Read Murder at Union Station Online

Authors: Margaret Truman

Tags: #Suspense

Murder at Union Station (34 page)

The apartment consisted of a large living room, two tiny bedrooms, a bath, and a kitchen. Photographs and posters of jazz giants idolized by the young musician covered the walls. A Yamaha electric piano sat in one corner of the living room; Jackson used this to work out new chord changes to old tunes. There was a couch and two easy chairs, a TV, a small table off the kitchen that served as a dining table, and a state-of-the-art sound system for hundreds of CDs housed in tall, free-standing racks.

It was to this basement haven that Richard Marienthal had fled.
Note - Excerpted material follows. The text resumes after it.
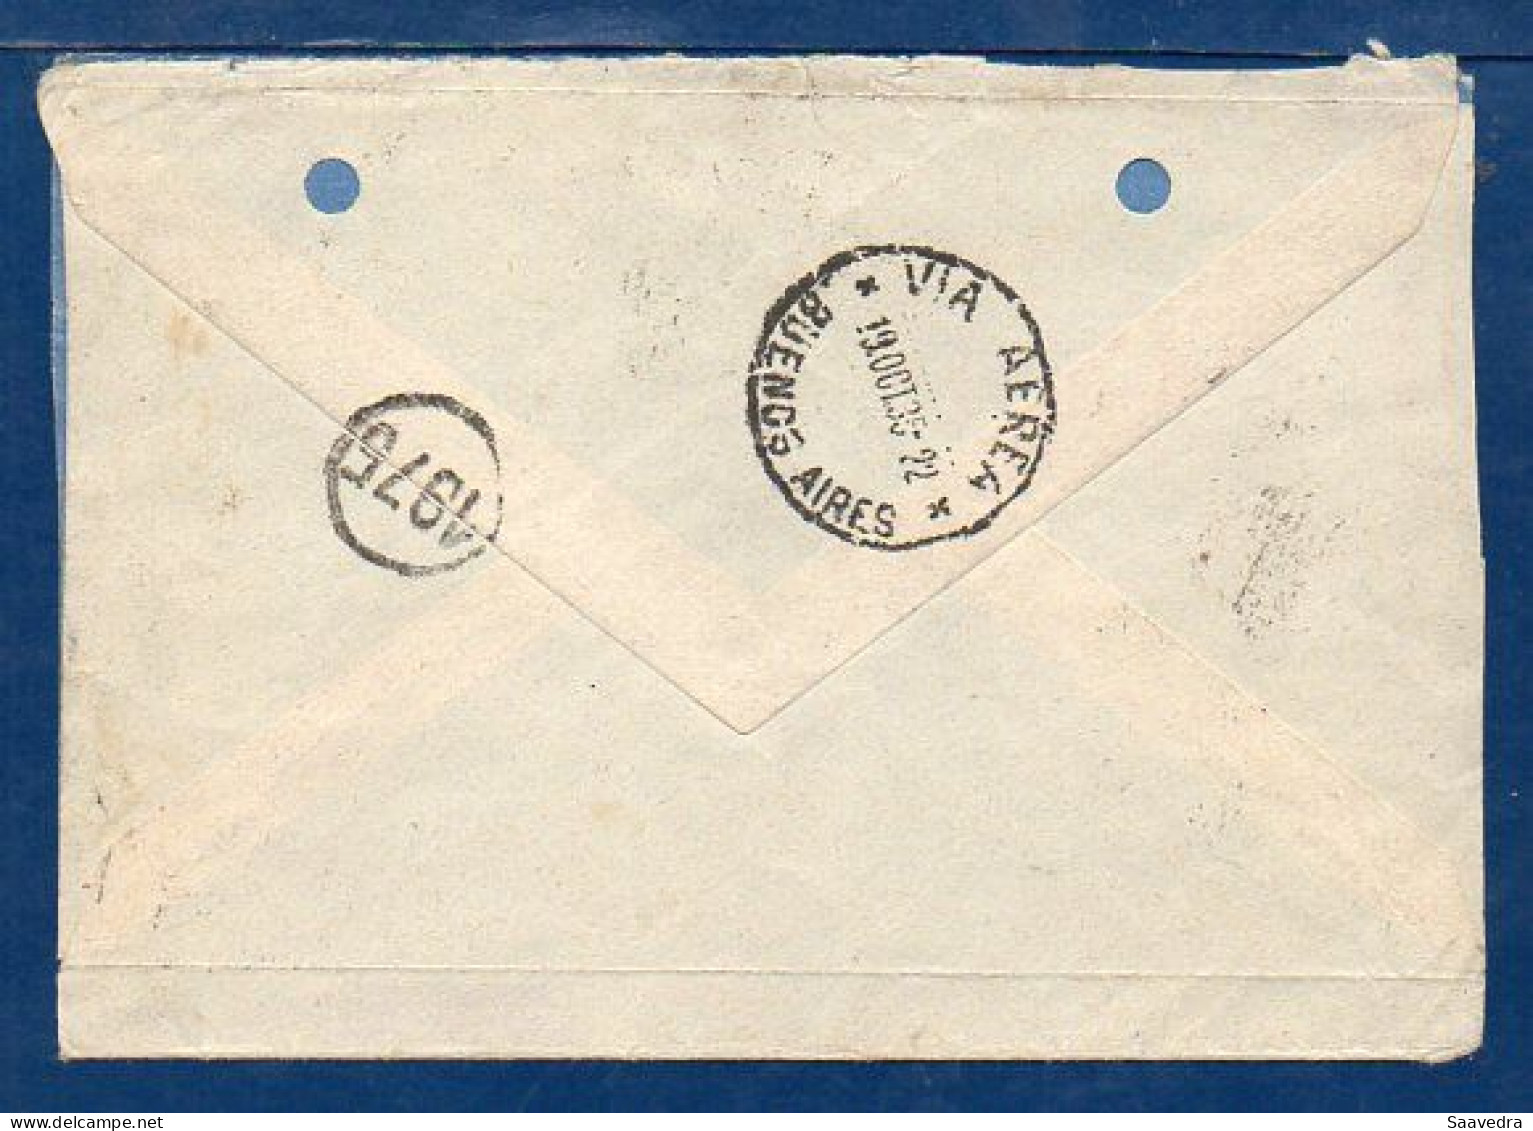 France To Argentina, 1935, Via Air France  (006) - Briefe U. Dokumente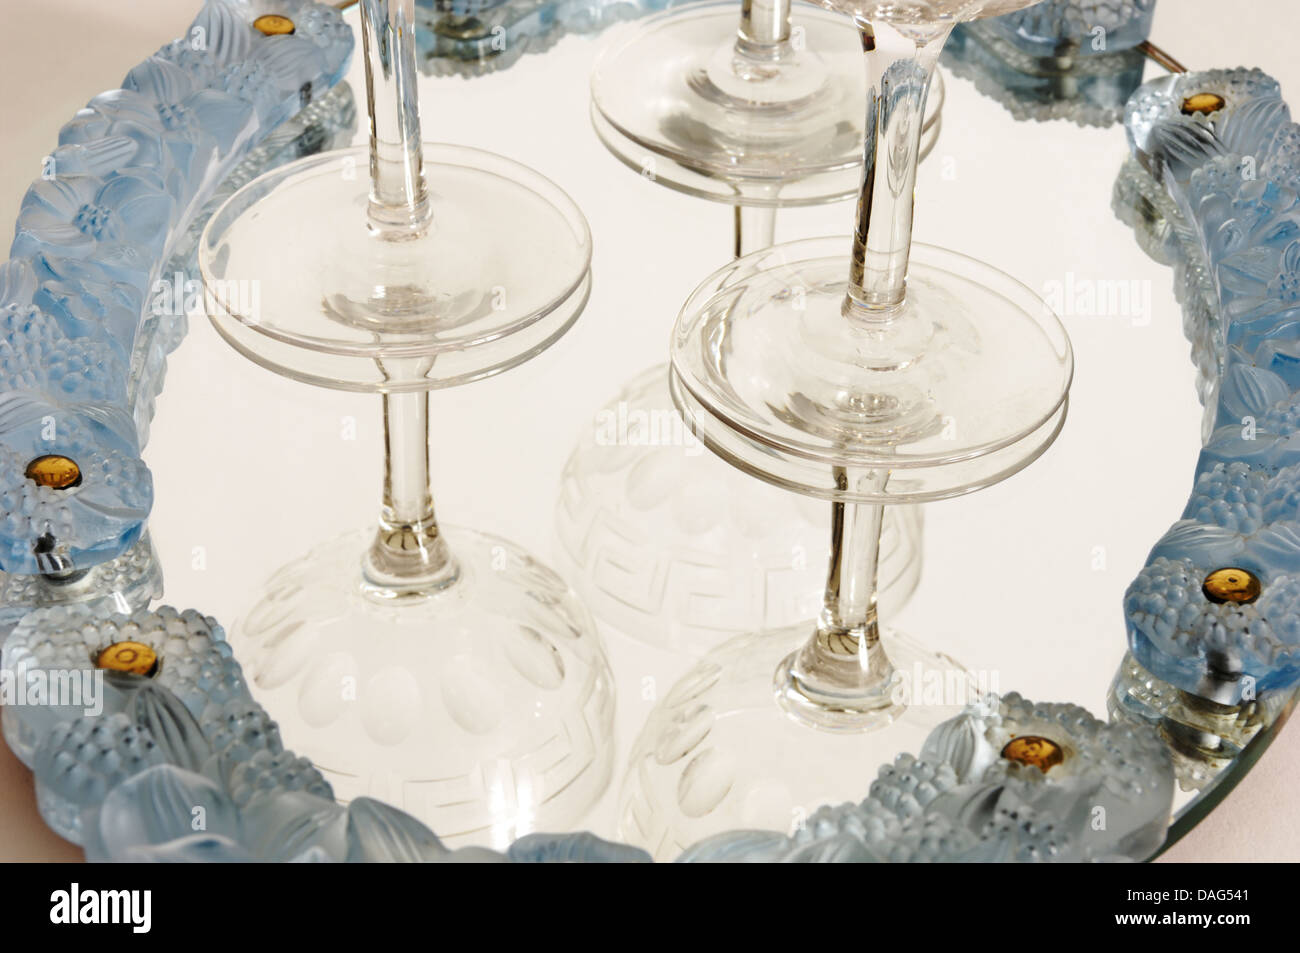 Ein Art-déco-Periode, wohl Französisch, verspiegelten Glas Tablett mit  Champagner-Gläser. Ca. 1920er Jahren der 1930er Jahre. Opalisierend  Glas-Halterungen Stockfotografie - Alamy

Jackson had been playing a job when Rich arrived at the apartment; he’d left a key with the landlady. When he returned from his job at four the next morning, he found his writer friend asleep on the couch.

“The bed in that other room is yours, Rich,” he said after his noisy entrance had awakened Marienthal.

“I wasn’t sure which bedroom to use,” Marienthal said. “I can’t thank you enough for letting me crash here.”

Jackson’s laugh was easy and frequent. “It works out great, man,” he said, pointing to a suitcase and two saxophone cases near the door. “The place is yours ’cause I won’t be around for a while.”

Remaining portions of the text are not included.